EXERCISE BRIEF - Everything in the listing below should be repeated exactly, apart from the pictures.
[[ GIVEN INFORMATION, beginning ]]
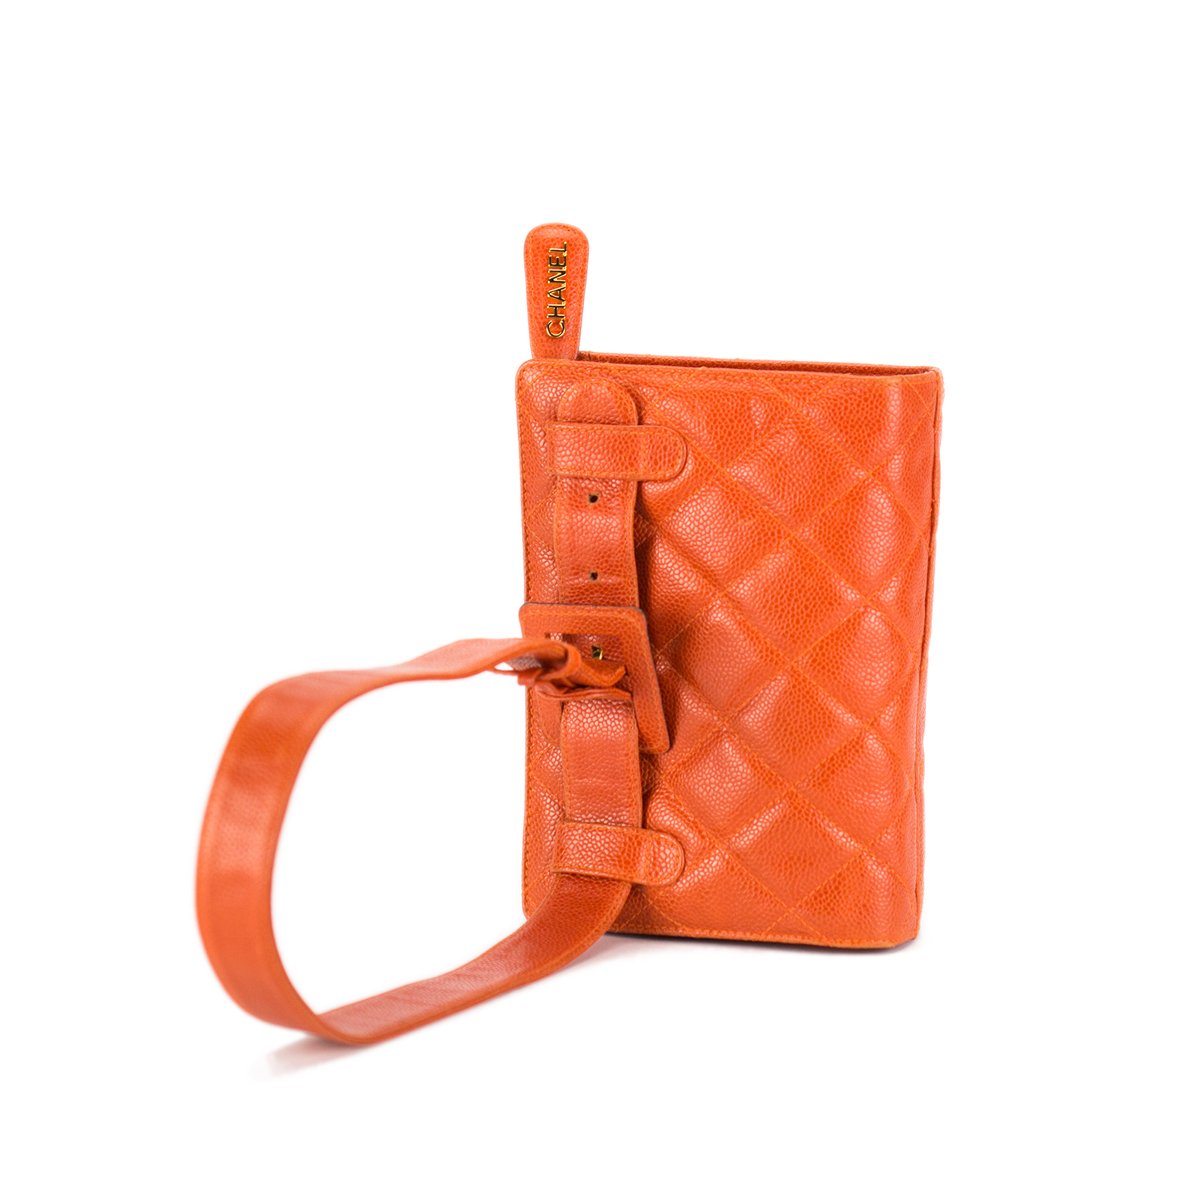 Chanel Orange Caviar Quilted Fanny
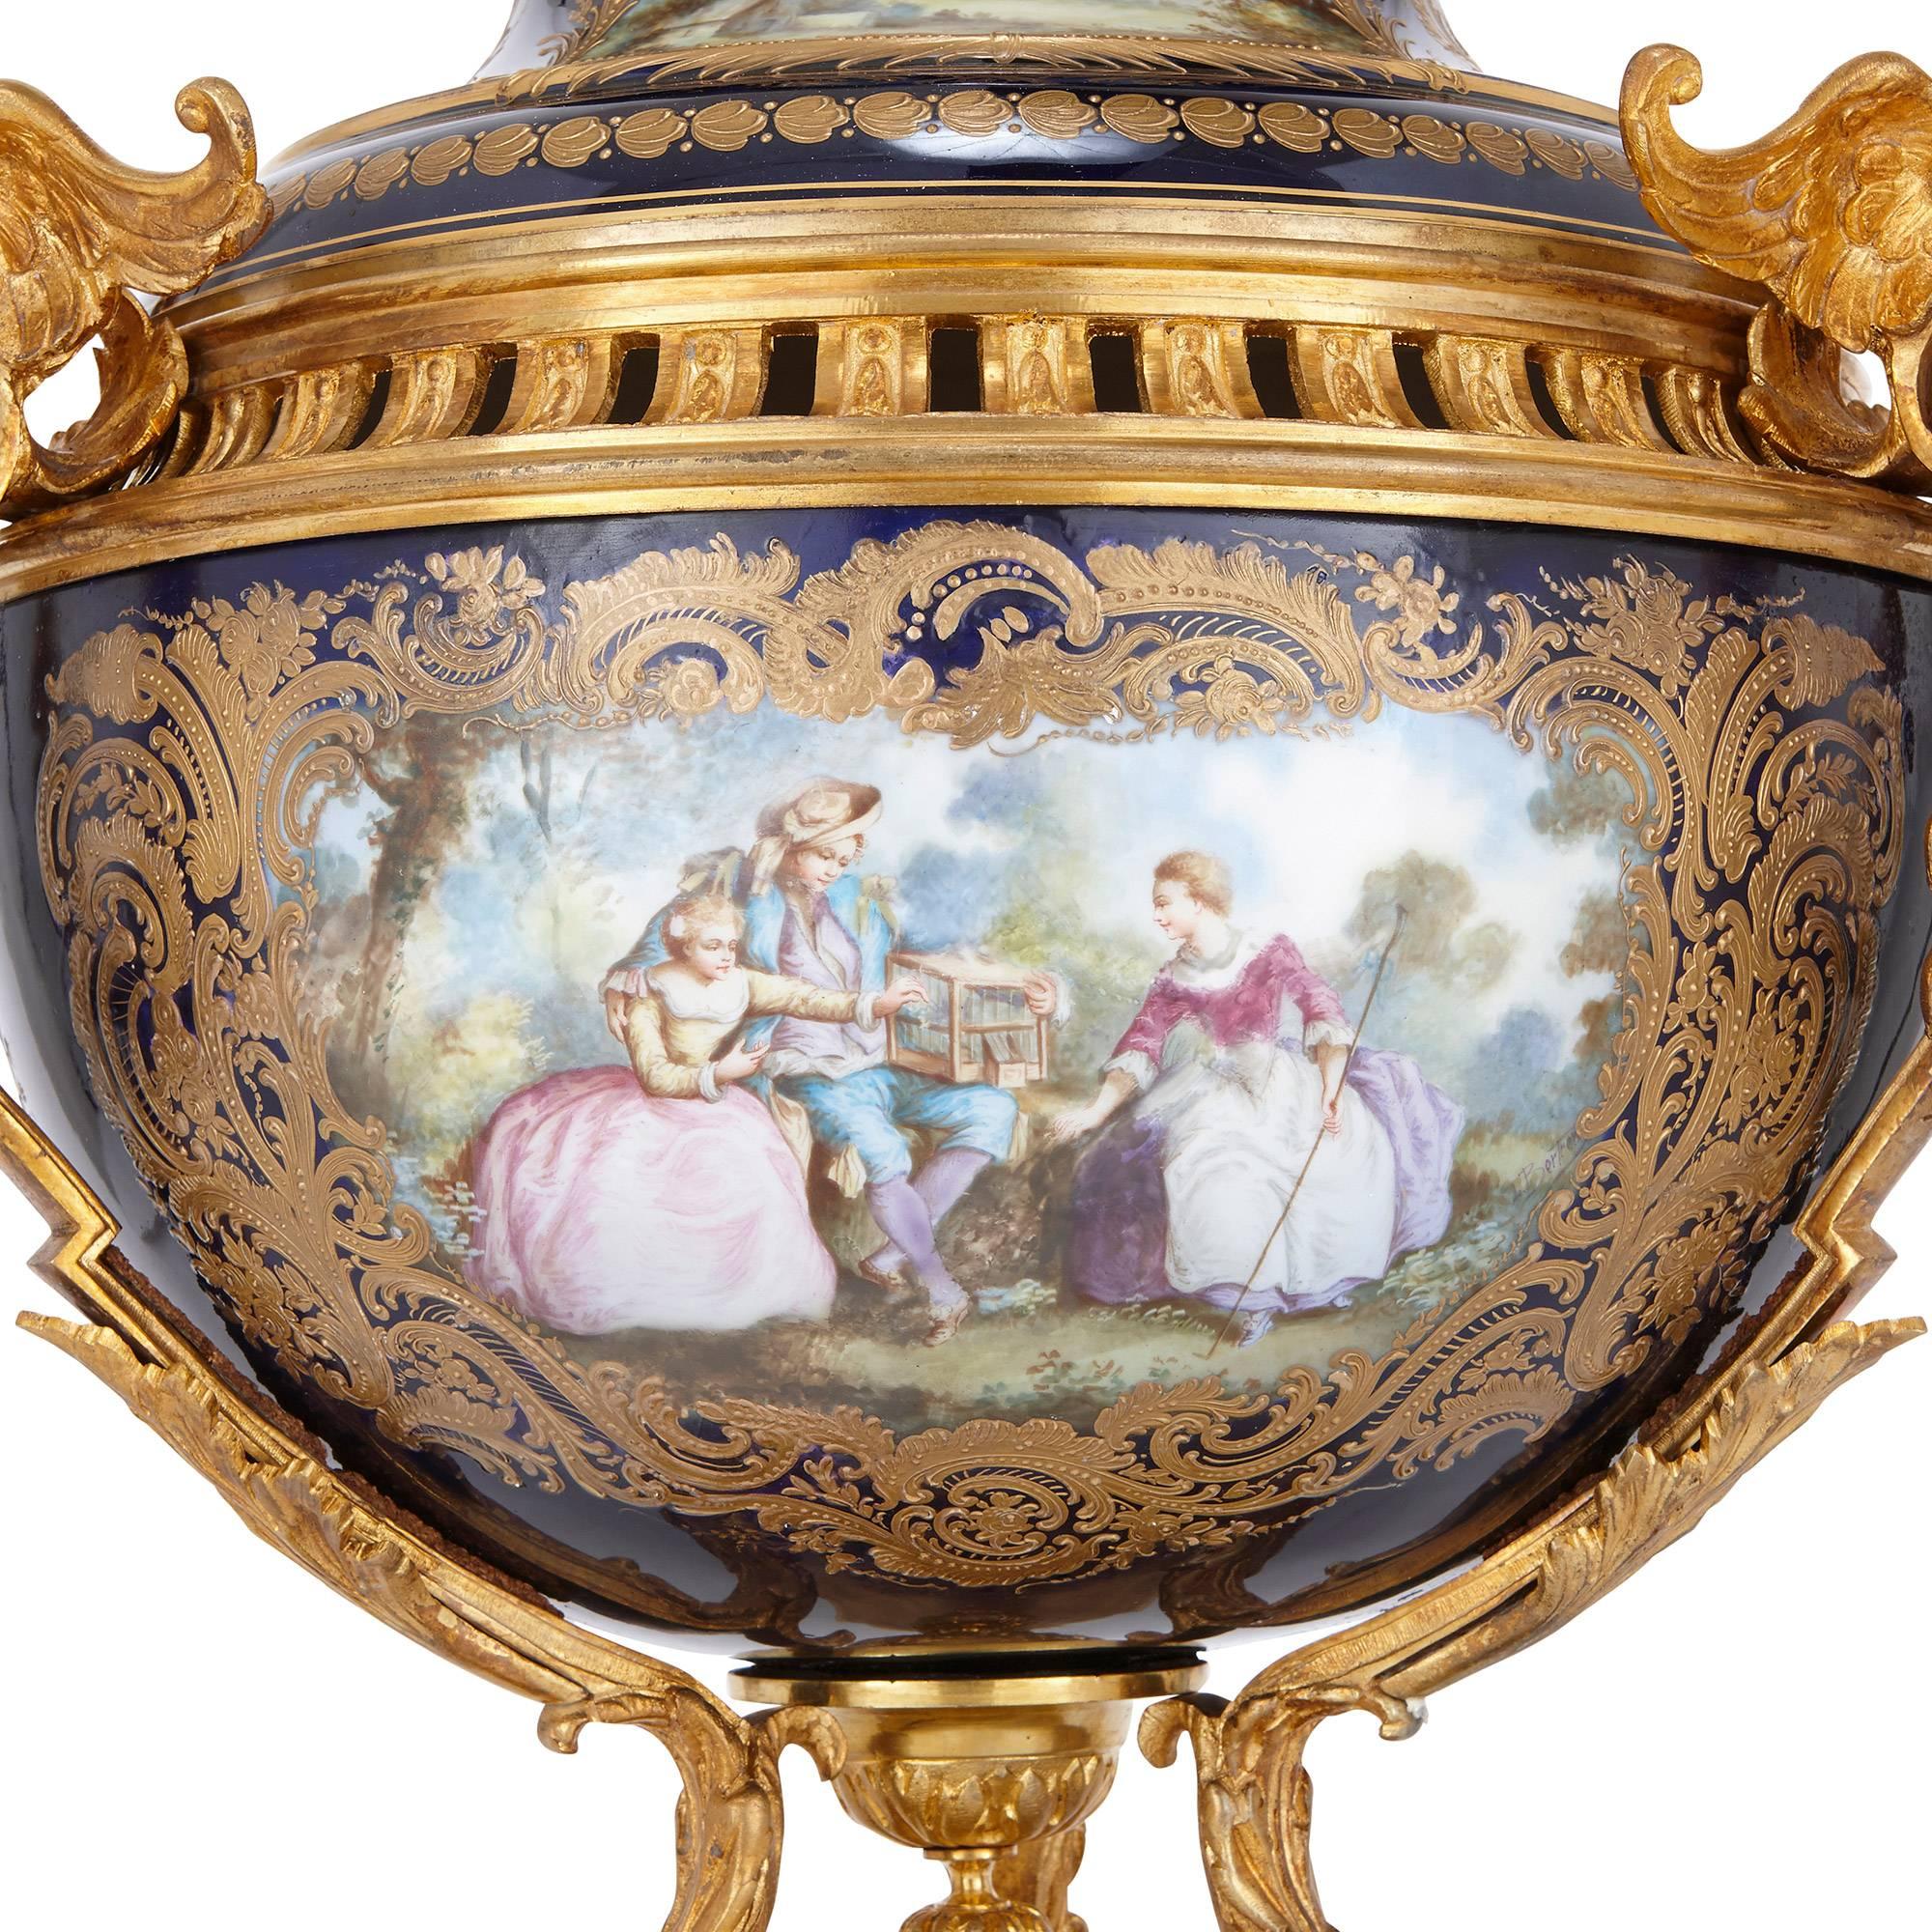 Louis XVI Ormolu-Mounted Sèvres Style Porcelain Vase and Cover
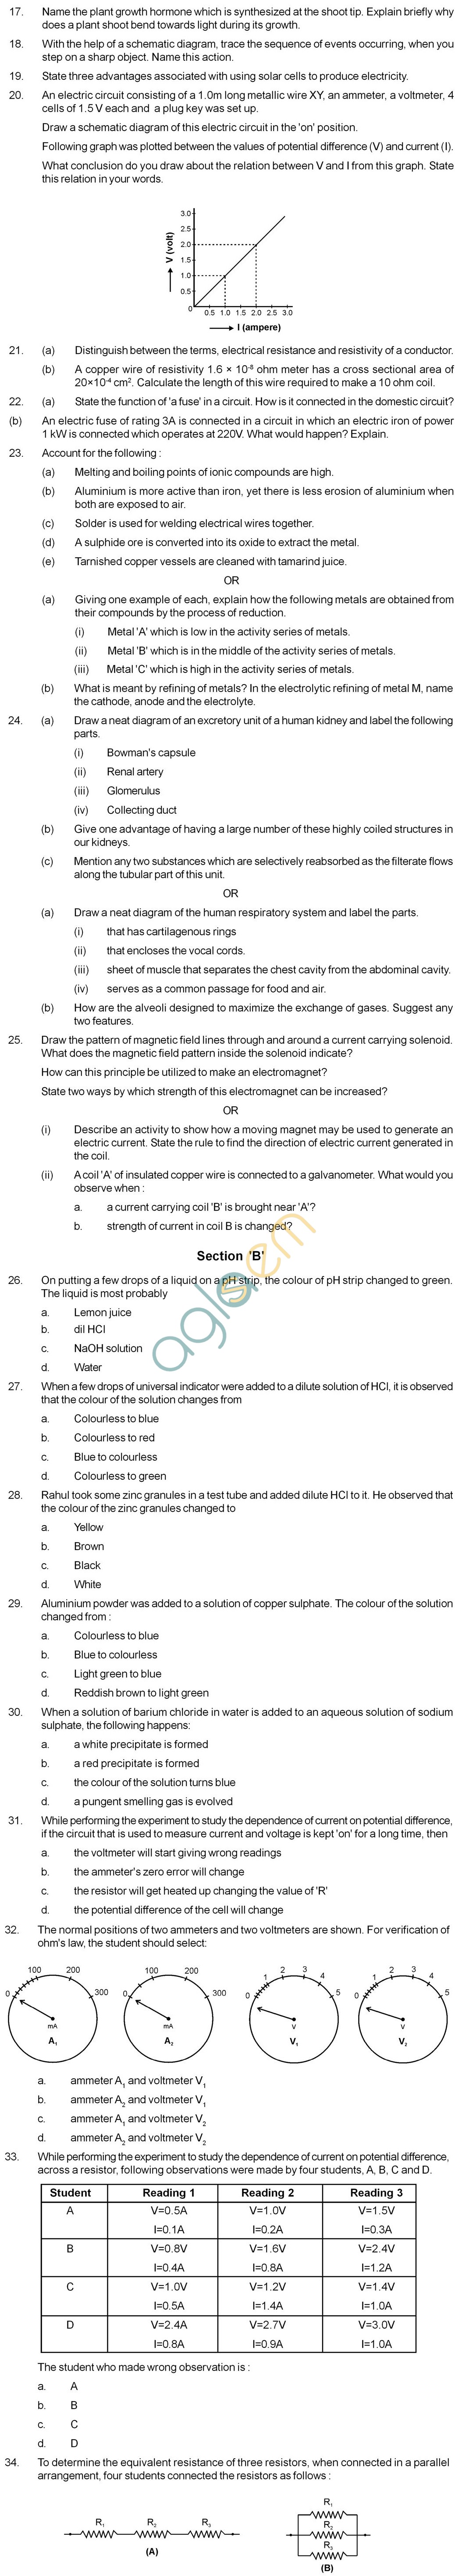 CBSE Board Exam 2013 Sample Papers (SA1) Class X - Science
[[ GIVEN INFORMATION, end ]]
EXPECTED ANSWER -
 Chanel Orange Caviar Quilted Fanny
 Louis XVI Ormolu-Mounted Sèvres Style Porcelain Vase and Cover
 CBSE Board Exam 2013 Sample Papers (SA1) Class X - Science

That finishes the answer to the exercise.